Objective — Upper respiratory tract infections (URTI) are the most common and costly condition of childhood. Low vitamin D levels have been hypothesized as a risk factor for URTI. The primary objective was to determine if serum vitamin D levels were associated with health-service utilization (HSU) for URTI including hospital admission, emergency department visits and outpatient sick visits. The secondary objectives were to determine whether oral vitamin D supplementation in pregnancy or childhood was associated with HSU for URTI.
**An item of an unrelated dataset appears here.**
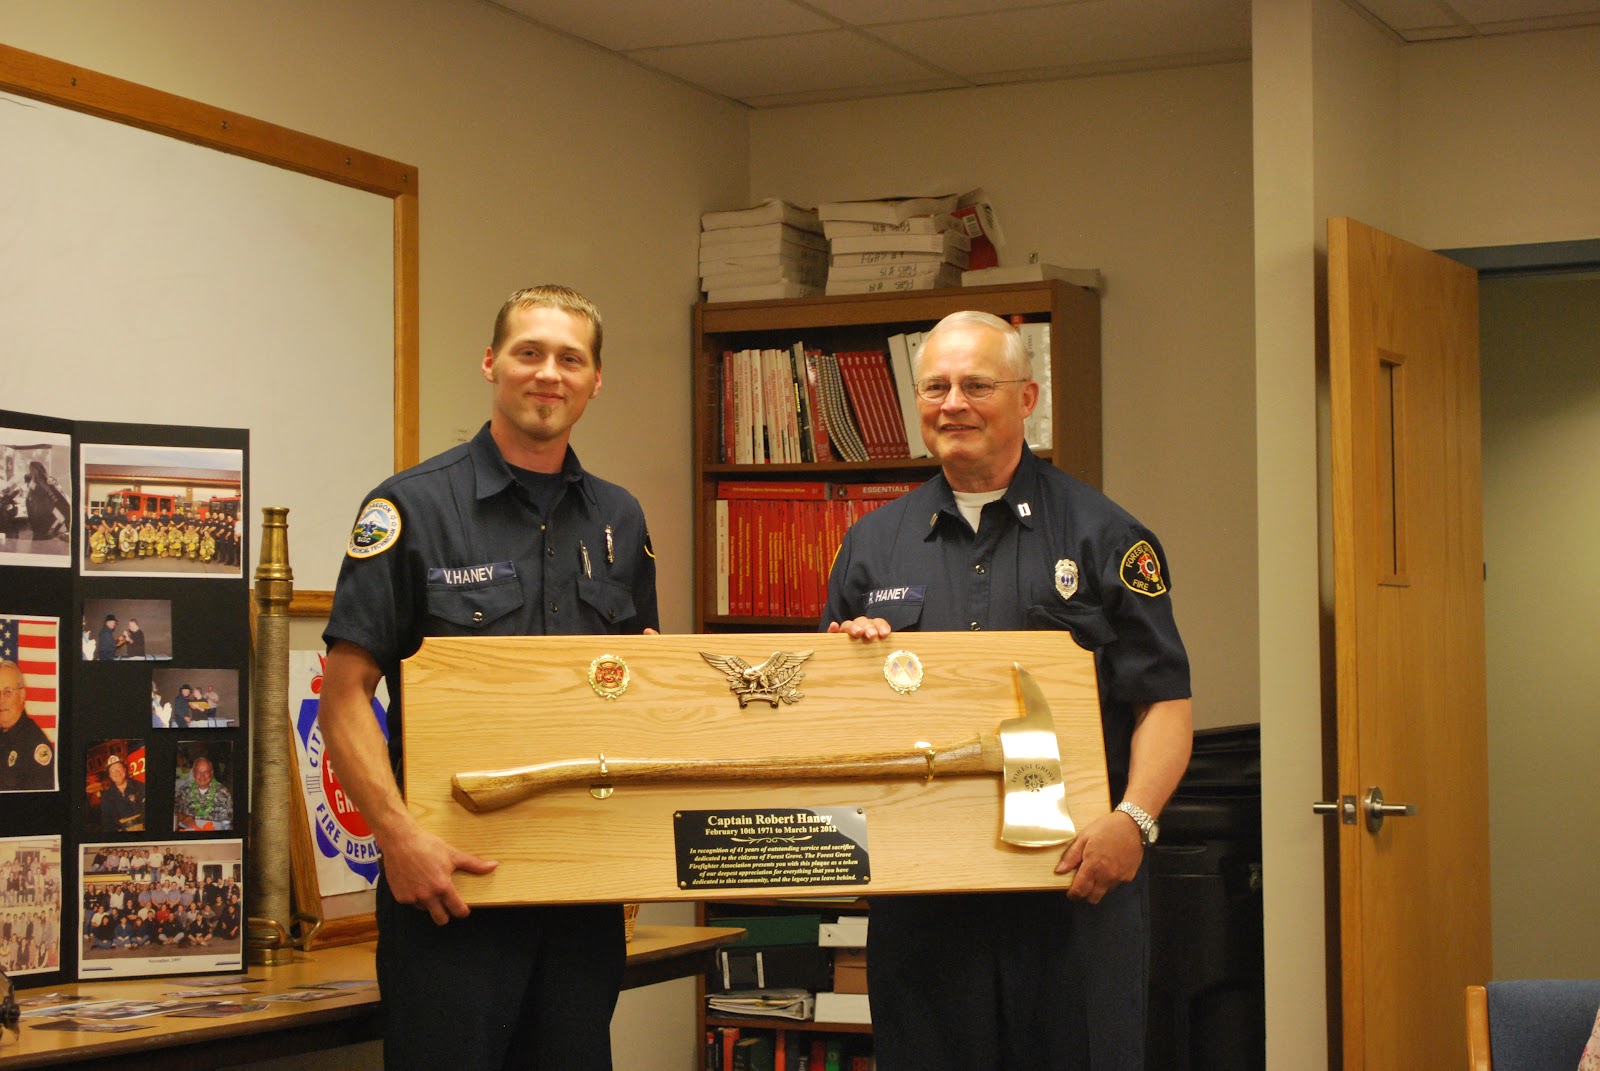 Forest Grove And Cornelius Fire Departments Volunteer Captain Bob Haney Retires After 41 Years Of Service

Design — Cohort study. HSU was determined by linking each child's provincial health insurance number to health administrative databases. Multivariable quasi Poisson regression was used to evaluate the association between 25-hydroxyvitamin D, vitamin D supplementation and HSU for URTI.

Setting — Toronto, Canada.

Subjects — Children participating in the TARGet Kids! network between 2008 and 2013.
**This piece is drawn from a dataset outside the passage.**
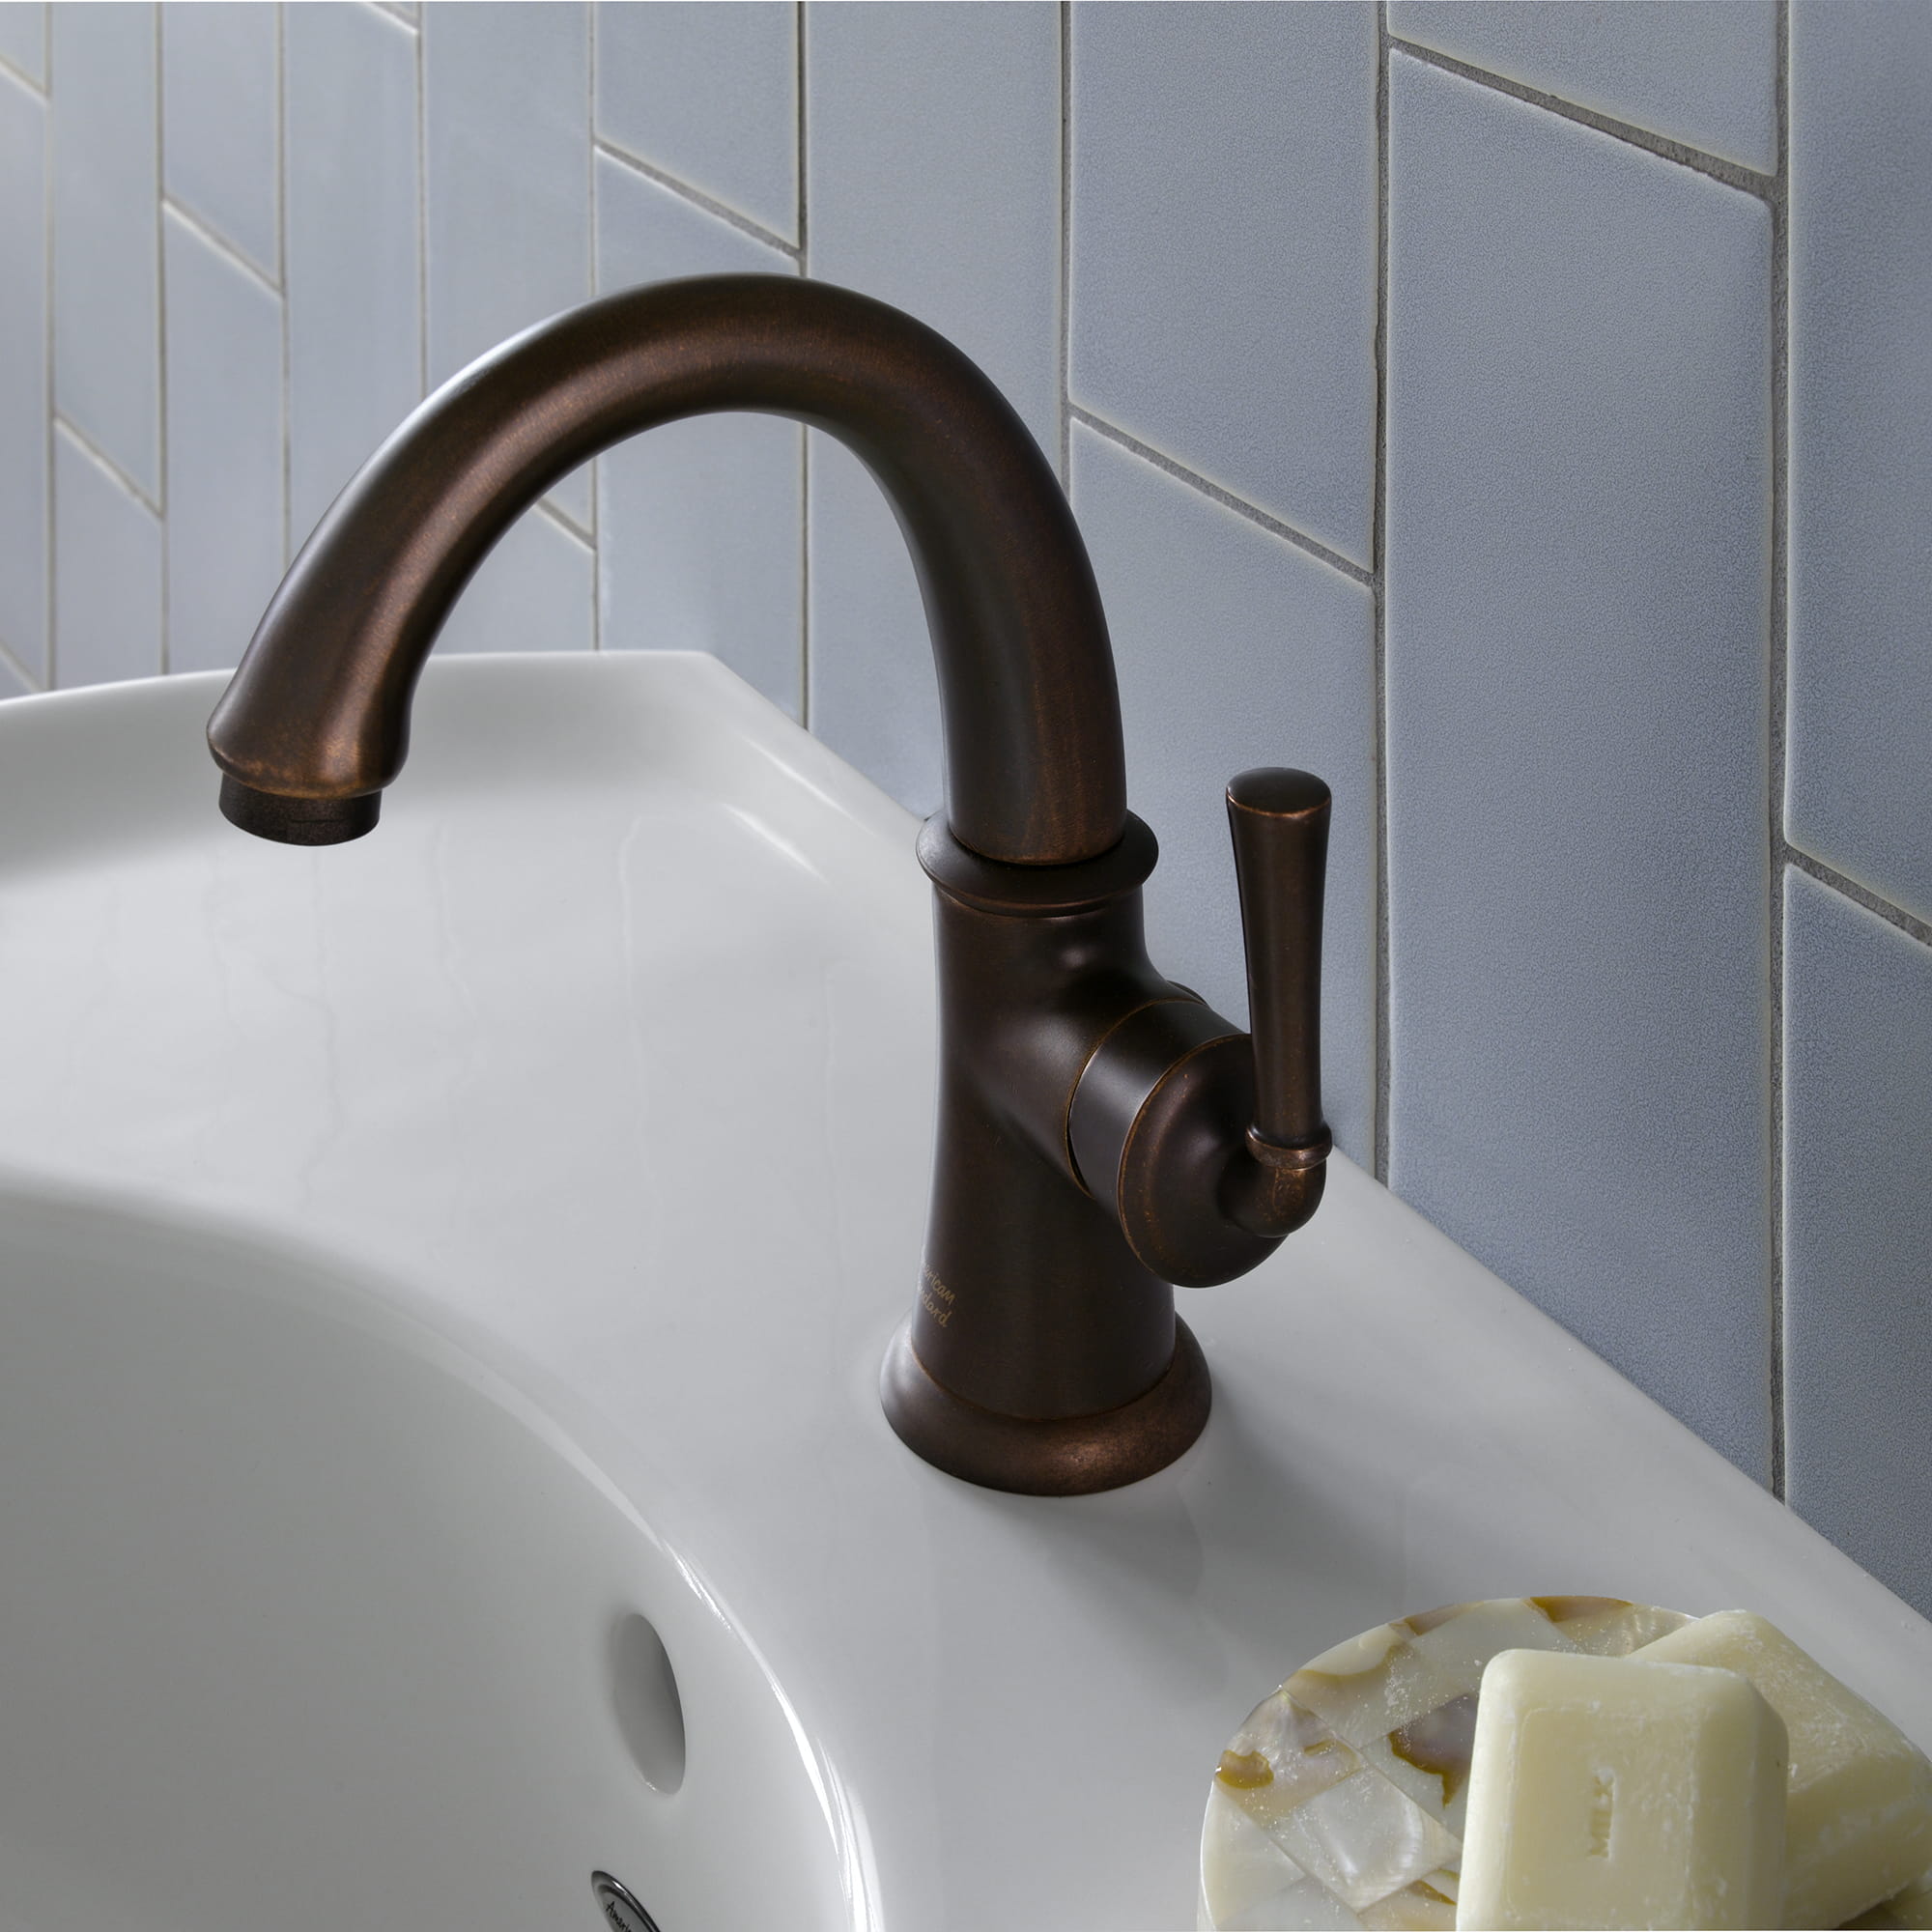 Portsmouth Single Hole Single Handle High Arc Bathroom Faucet 12 GPM with Lever Handle OIL RUBBED BRONZE

Results — Healthy children aged 0-5 years (n 4962) were included; 52 % were male and mean 25-hydroxyvitamin D was 84 nmol/l (range 11-355 nmol/l). There were 105 (2 %), 721 (15 %) and 3218 (65 %) children with at least one hospital admission, emergency department visit or outpatient sick visit for URTI, respectively. There were no statistically significant associations between 25-hydroxyvitamin D or vitamin D supplementation and HSU for URTI.

Conclusions — A clinically meaningful association between vitamin D (continuously and dichotomized at <50 and <75 nmol/l) and HSU for URTI was not identified. While vitamin D may have other benefits for health, reducing HSU for URTI does not appear to be one of them.



Omand JA, To T, O'Connor DL, Parkin PC, Birken CS, Thorpe KE, Maguire JL. Public Health Nutr. 2017; 20(10):1816-24. Epub 2017 Jun 5.